On Saturday[100] the 16th, about mid-day, a deputation of four from the Jacobins came to the Champ de Mars. The petition was read by a little light-haired Englishman on one side, and by a red-haired Frenchman in a red coat on the other; picturesque but unimportant details. Danton leapt on to the corner of the altar, and read it again to the thick of the crowd. The signatures were written in great numbers, and when the completed document was about to start for the Assembly, when the deputation that was to take it was already formed, it was suddenly spread abroad that the Assembly had passed a vote exonerating Louis.
The Jacobins were appealed to, and replied that under the conditions the petition which they had drawn up could not be presented. The Cordeliers, however, lost their tempers, and Robert determined to draw up a new petition. Now in this second action Danton took no part. It was this new petition that (signed by Robert, Peyre, Vachard, and Demoy) was drawn up hastily in the Champ de Mars on Sunday the 17th, to this that the 6000 signatures were attached, and this which demanded a “Convention to judge the King.” There followed the proclamation of martial law, the appearance of Lafayette and Bailly in the Champ de Mars with the red flag, the conflict between the National Guard and the crowd, and all that is called the “Massacre of the Champ de Mars.”

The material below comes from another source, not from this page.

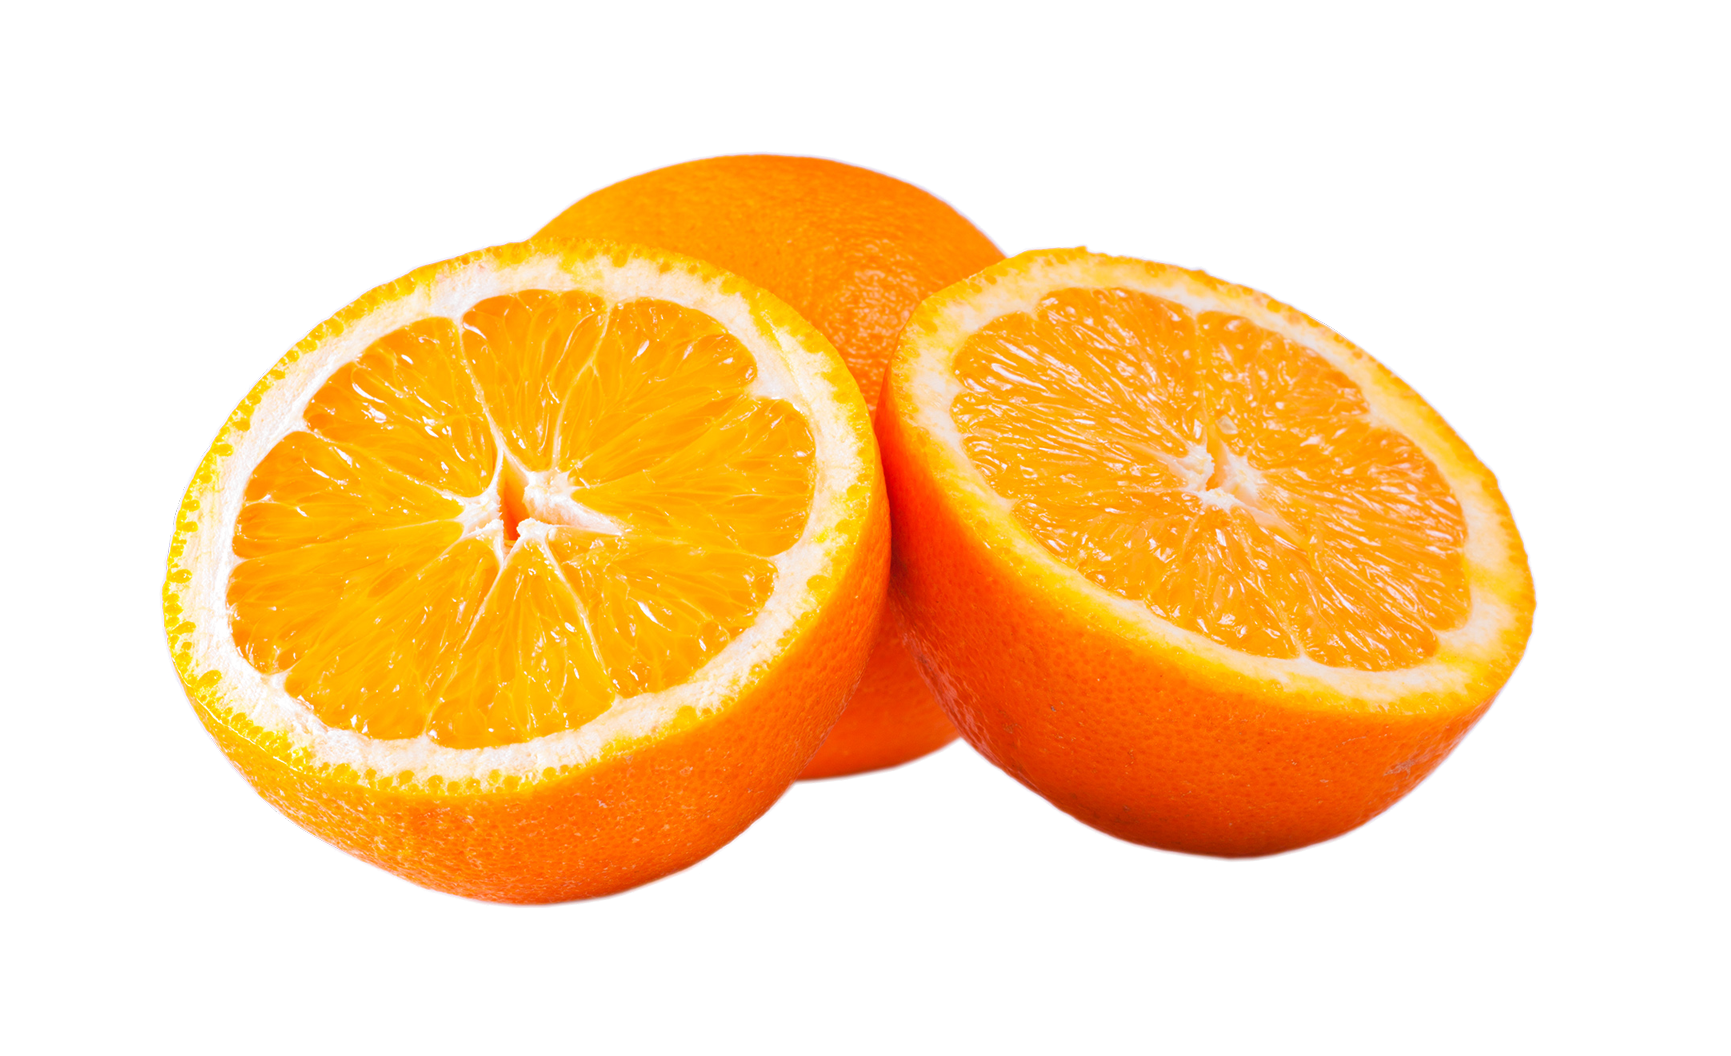 Orange  slices

That petition was not signed by Danton.[101] He was not even present,[102] as we know from his speech on his election to be “Substitut-Procureur,” and especially from the fact that in the fortnight of terror, when the red flag stood over the Hotel de Ville, when the democrats were arrested or in hiding, when the door of the Cordeliers was shut and nailed, and when the Radical newspapers were suppressed, no warrant of arrest could be issued, because there existed nothing definite against him. Lafayette was determined, however, to act in a military fashion, and on the 4th of August the arrest of Danton was ordered, on some other plea which he alludes to in his speech of the next January, but the exact terms of which have not come down to us.
He had left Paris at once when he saw that Lafayette had practically absolute power for the moment. He first went to his father-in-law’s, Charpentier, at Rosny-sur-Bois, and then escaped to Arcis. Before the warrant was actually made out, Lafayette had sent a man to watch him at Arcis. He was “giving a dinner. It would need a troop of cavalry to arrest him. Everybody was on his side.”[103] Marseilles and Bar spoke up for him. But the attack only grew stronger. On the 31st of July he moved again to Troyes, to the house of Millaud, of his father’s profession, and a friend, because he feared a new arrival from Paris who seemed a spy.[104] He was there when the warrant was sent down to the “procureur” for the arrest; the official in question was Beugnot, and Beugnot told Danton jocularly that he would not arrest him. He did not think this a sufficient guarantee, and as his stepfather, Recordain, was off to England to buy some machinery for a cotton-mill that he thought of starting, Danton went to England with him, and remained in this country for a month, staying in the house of his stepfather’s sons, who were established in London. It was in the last days of July or the first days in August[105] that he arrived, and he did not return to Paris until the appointment of his friend Garran de Coulon as President of the Court of Appeal. He appears again at the Jacobins on the 12th of September; some say he was in Paris on the 10th.[106]
It would be of the utmost interest to know how he passed those thirty or forty days. Unfortunately there is no direct evidence as to whom he met or what negotiations he entered into. As to his English acquaintances, his letters from Priestley and Christie, the relations he had with Talleyrand, and their common diplomacy for the English alliance—all these properly belong to Danton in power, the minister directing France after August 1792, and it is in that place that they will be dealt with. Of historical events in his voyage we have none, and there is no more regrettable gap in the very disconnected series of ascertained facts concerning him.
On his return, he discovered that the Section of the Théâtre Français had named him a member of the electoral college which sat at the Archbishop’s palace. Many members of this Assembly had been arrested, or had fled during Lafayette’s violent efforts of reaction in August and September. The new Parliament which had just met did not decree an amnesty (as it was asked to do on the 5th of September), but it was of course far more democratic than the old Assembly, and it was understood to be tacitly in favour of the return of those whom Lafayette had driven out. Following Danton’s example, they slowly came back; but a curious incident shows how much of the danger remained.
On the 13th of September the Parliament, at the desire of the King, voted the amnesty. While it was actually voting, a constable called Damien got into the gallery of the hall in which Danton and the electors were debating, and sent a note to the president asking him to allow the arrest. The president and the electoral college (who did not like Danton, by the way, and who would not give him more than forty votes when it came to electing members for Paris) yet ordered the arrest by Damien, and it was only when they learnt of the amnesty that, on Danton’s own motion, he was released.
It has just been said that Danton failed to be elected: let us point out the conditions under which the Legislative met, that short Parliament of one year which made the war, and saw to its dismay the end of the monarchy.